Process Failed: HiveQL problem
I've installed Hadoop using Ambari Server (Hortonworks Data Platform HDP-2.6). The connection to radoop passed without any errors . I am able to store and retrieve in hive from rapidminer using the connection made. However, when I'm running any process related to Spark; For eg: the tutorial process for k-means in radoop, I get the following error :-
com.rapidminer.operator.OperatorException: HiveQL problem (org.apache.hive.service.cli.HiveSQLException: Error while compiling statement: FAILED: SemanticException Line 1:17 Invalid path ''/tmp/radoop/admin/tmp_1525790714419a_csh8jcj/'': No files matching path hdfs://node.server.com:8020/tmp/radoop/admin/tmp_1525790714419a_csh8jcj)
SEVERE: Process failed: HiveQL problem (org.apache.hive.service.cli.HiveSQLException: Error while compiling statement: FAILED: SemanticException Line 1:17 Invalid path ''/tmp/radoop/admin/tmp_1525790714419a_csh8jcj/'': No files matching path hdfs://node.server.com:8020/tmp/radoop/admin/tmp_1525790714419a_csh8jcj)

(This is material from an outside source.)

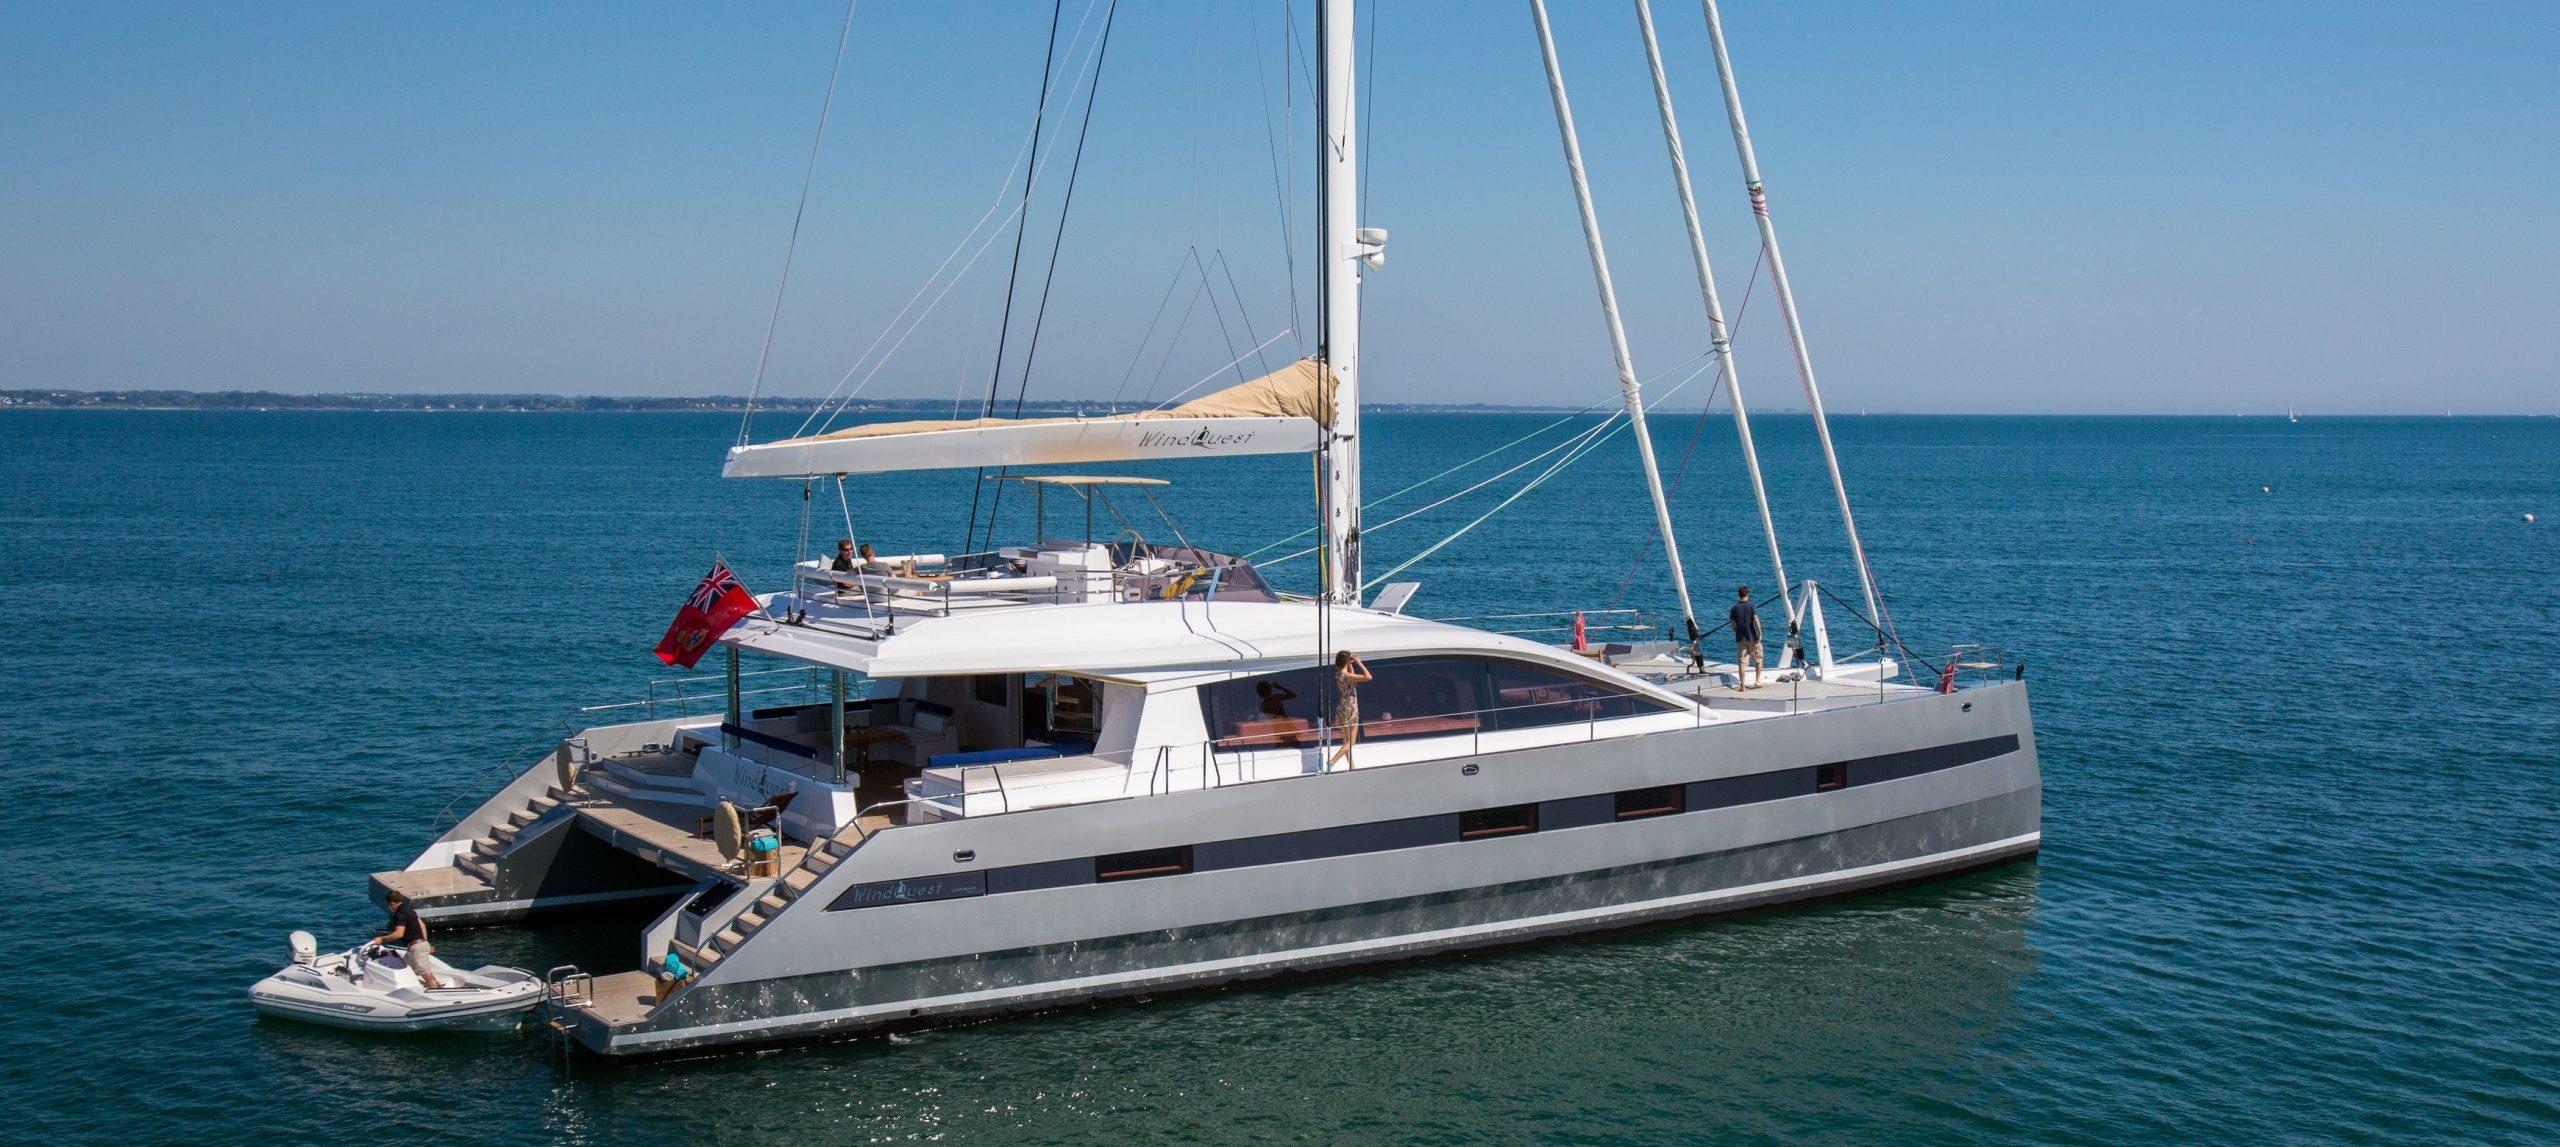 Alquiler de catamaranes
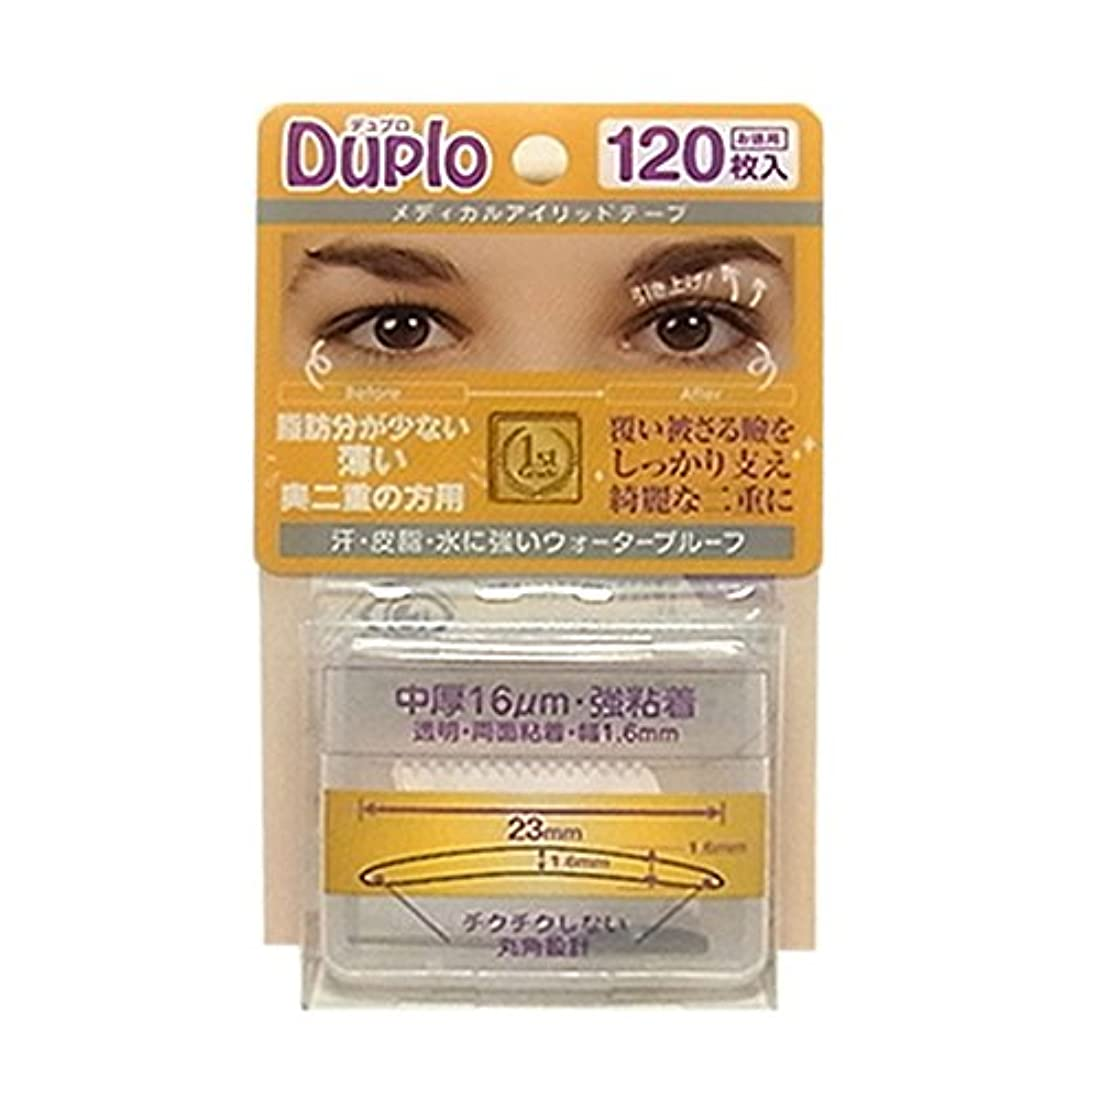 顎ミスオフセットDuplo デュプロ メディカルアイリッドテープ 中厚 16μm 強粘着 (眼瞼下垂防止用テープ)透明?両面 120枚入

I'm also able to run programs in Spark via the terminal but I get this error if I run it through Radoop.
Can anybody get me a solution for this?
Comments
The process works fine when we run the k-means clustering(not the radoop operator) inside SparkRM and checking/setting the "merge output" and "resolve schema conflicts" .
But still the same error persists for the tutorial process.
Hi,
are you referring to the "Full Test" when saying "The connection to radoop passed without any errors"?
It would be helpful to run the Full Test (may take some time) that includes Spark job test as well.
If Full Test succeeds, there may be a hidden error in the submitted Spark job, which may result in a missing output, but that is just a guess. Do you have access to the Resource Manager UI (typically at port :8088) of the cluster.
Best,
Peter
The full test passed without any errors and I'm able to access the Resource Manager too. The process(Spark job) shows status as "SUCCEEDED". I ran into a problem with Radoop K-means Tutorial process.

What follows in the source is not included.